SAXBuilder builder = new SAXBuilder();
Document doc = builder.build(fileName);
XML file I am getting as an input is modified by the end user. He adds the data into it and then using my functionality that data is getting into system. In this scenario I am getting an JDOM parser exception "Document root element is missing.."
Reason is the editor used to modify XML appends some charachters at the begining of file and it fails in reading this.
Is there any way I can handle this problem? Either removing this chars or ignoring them. These chars are not predicatable, those might be some garbage values also.
If you can't change the process to avoid the prepended characters but you can detect some rhyme or reason to them, you can make this approach more robust.
I don't believe your users are keying in those few non-printable characters which are not allowed in XML documents. I think this "garbage" you're talking about is more likely to be missing ">" characters at the end of tags or unescaped ampersands or just plain fat-finger mistyping. There's no way to fix that sort of thing via a preprocessor.
But if you're stuck with people modifying XML by hand, then give them an XML editor to do that with. Don't let them use Notepad or something like that. Make sure they send you well-formed XML.
May be the xml parser that you are using does not understand BOM and throws an exception.
Anybody has any thoughts about this?
Vinod Borole wrote:I guess the special characters that you are mentioning about is called the Byte Order Mark (BOM). These are the characters inserted by the editor at the start when you edit the xml file.

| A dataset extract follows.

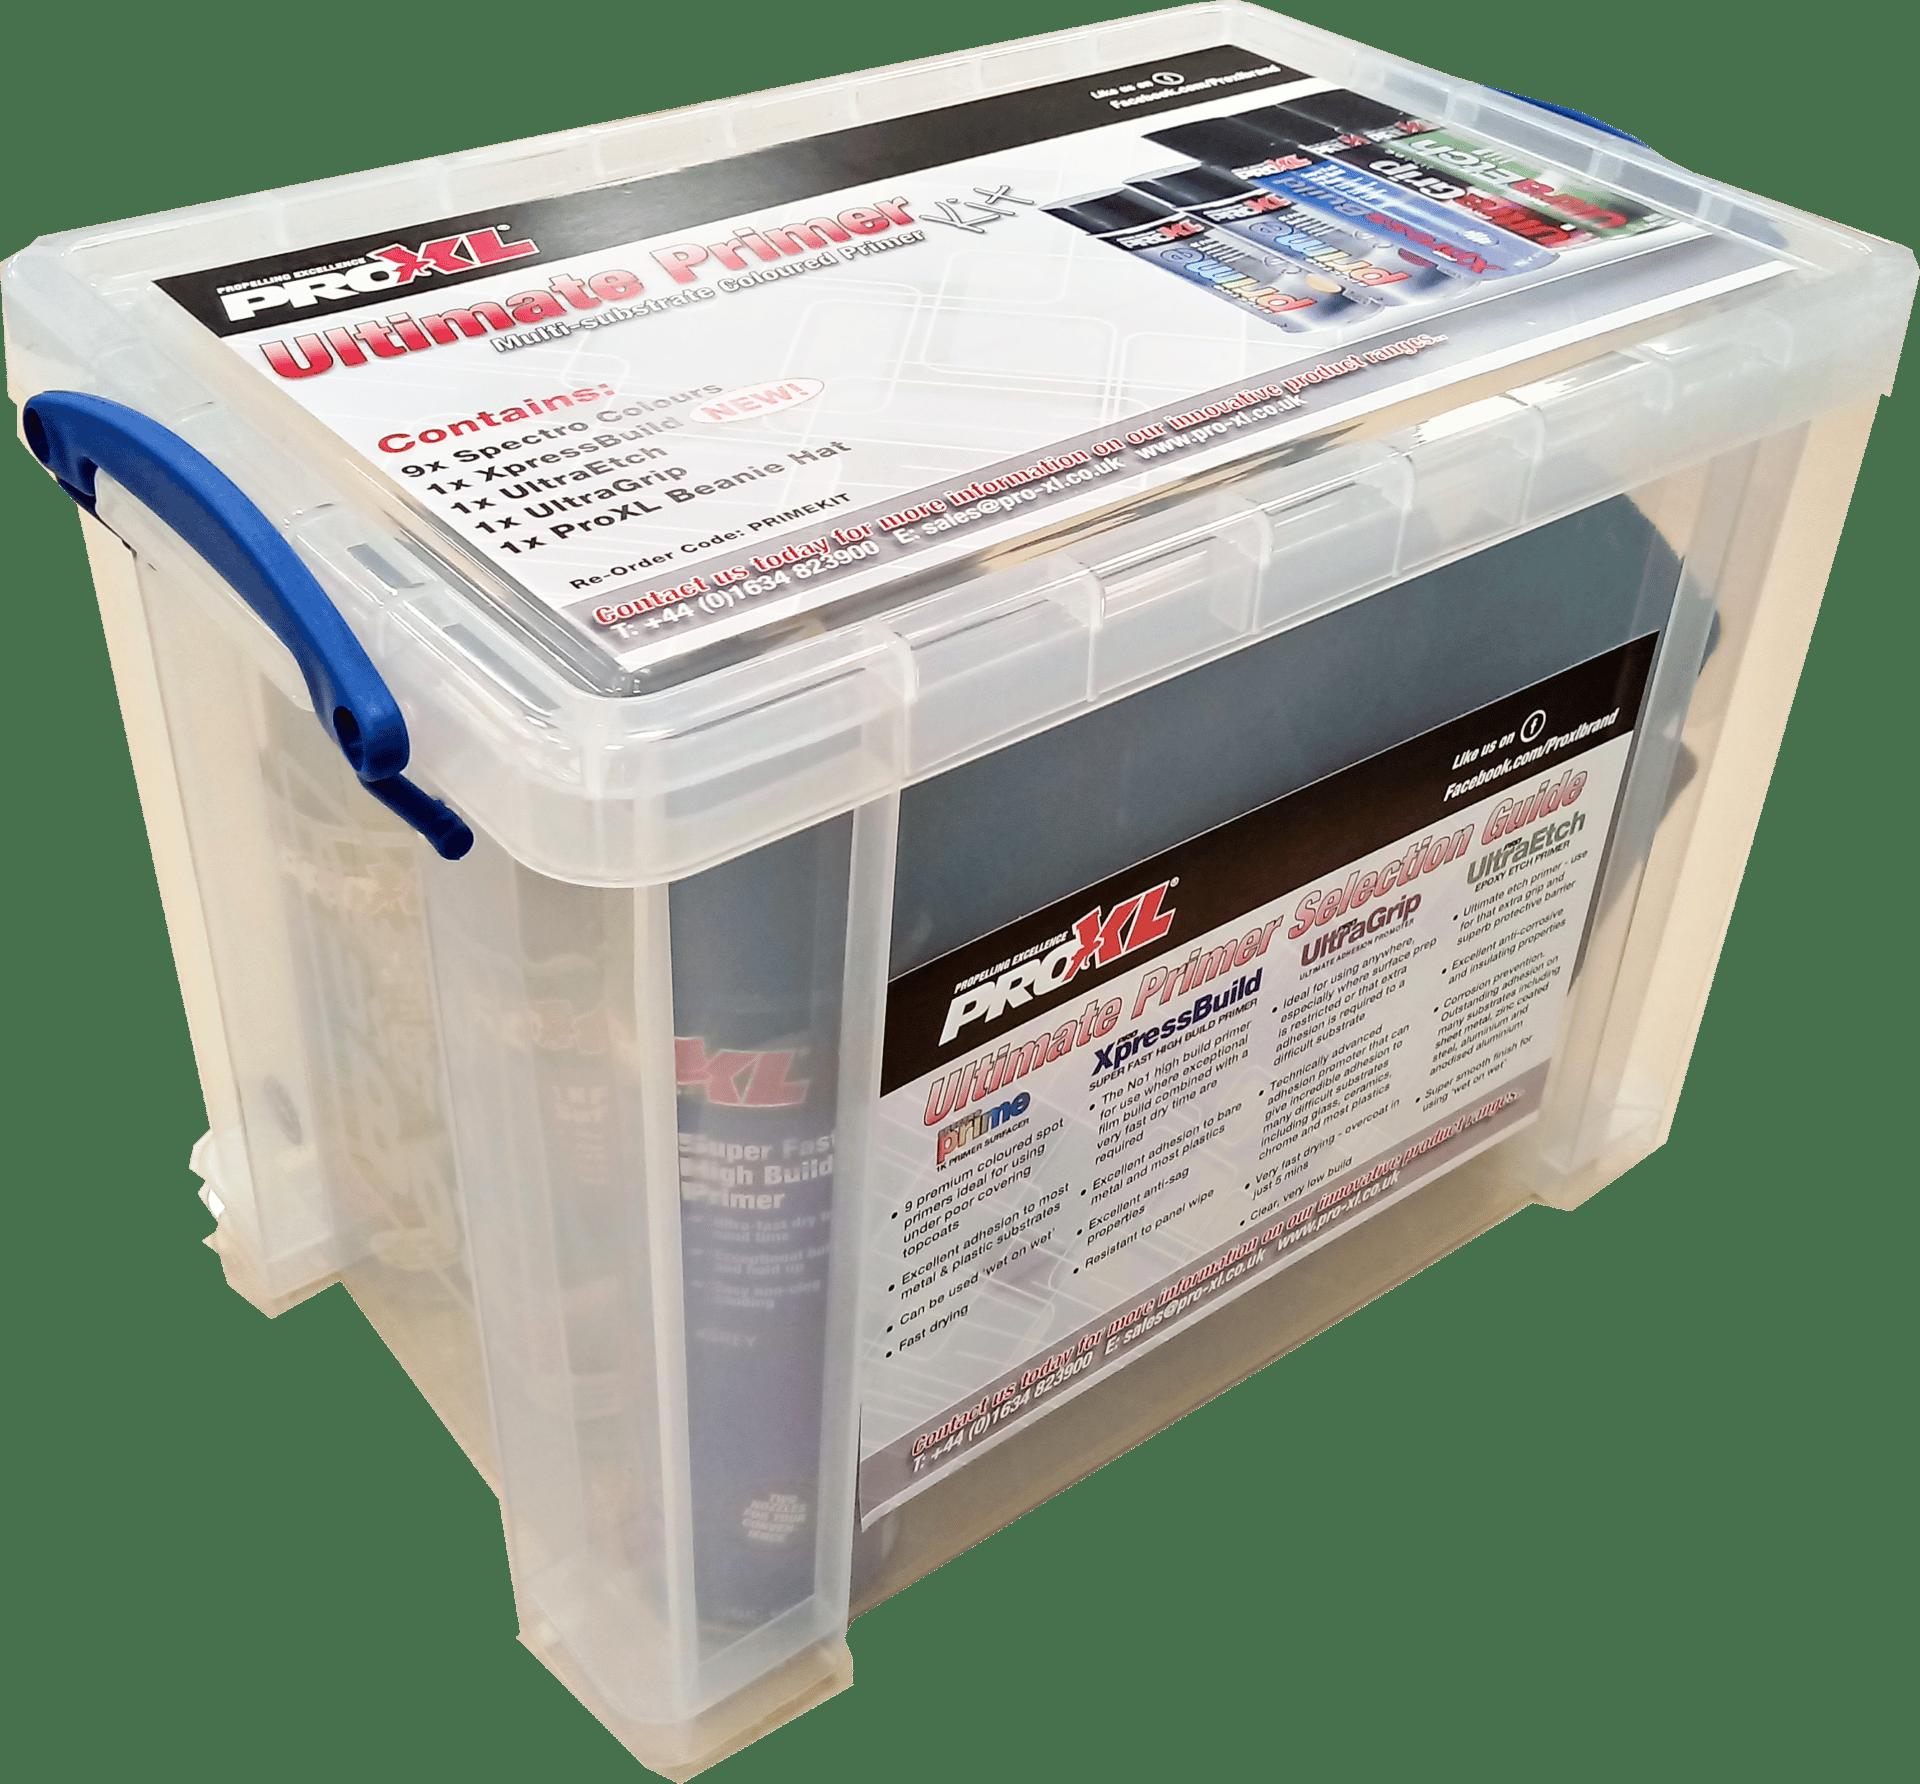 Ultimate Primer Aerosol Kit Product Image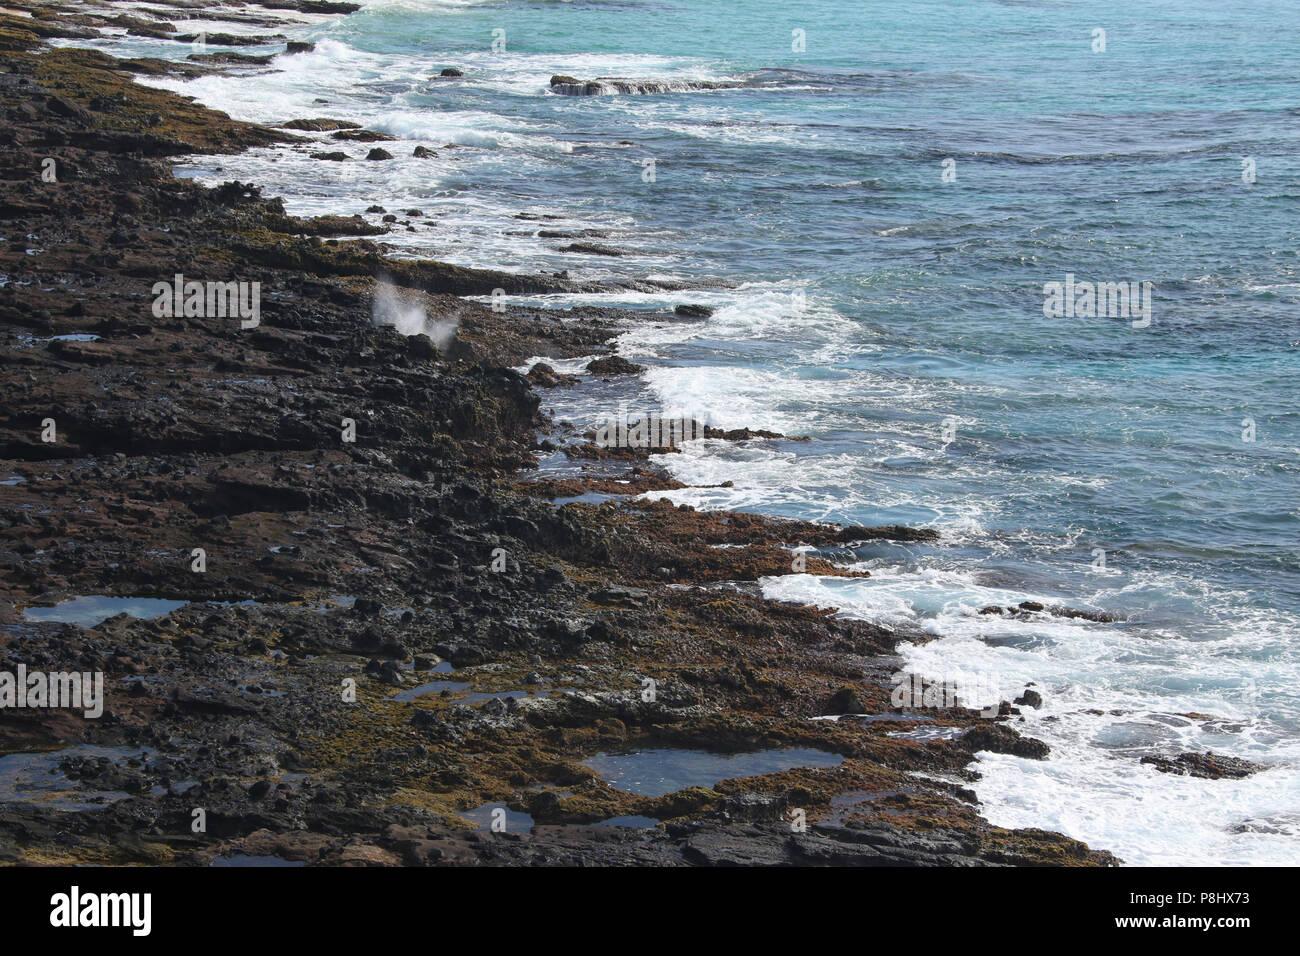 Vulkangestein Shoreline ab dem halona Loch Lookout gesehen. Insel Oahu, Hawaii, USA. Stockbild

This is definitely a possibility. Notepad has a bad habit of doing that. So if you gave people a proper XML editor to edit their XML with, that wouldn't happen.
Sure you can handle it in code. You just wrap the InputStream that contains the XML (with possible byte order mark) in another InputStream which skips over anything preceding the first "<" character when it's created. PushbackInputStream is a useful basis for that.
Aditya Bhanose wrote:Yes, my problem is about Byte order mark only. I think there is no way we can handle this in code.
But don't underestimate the ability of end-users to botch up XML documents in other ways. I did it myself yesterday -- I made a little change to a configuration file which caused my application to fail to start up correctly.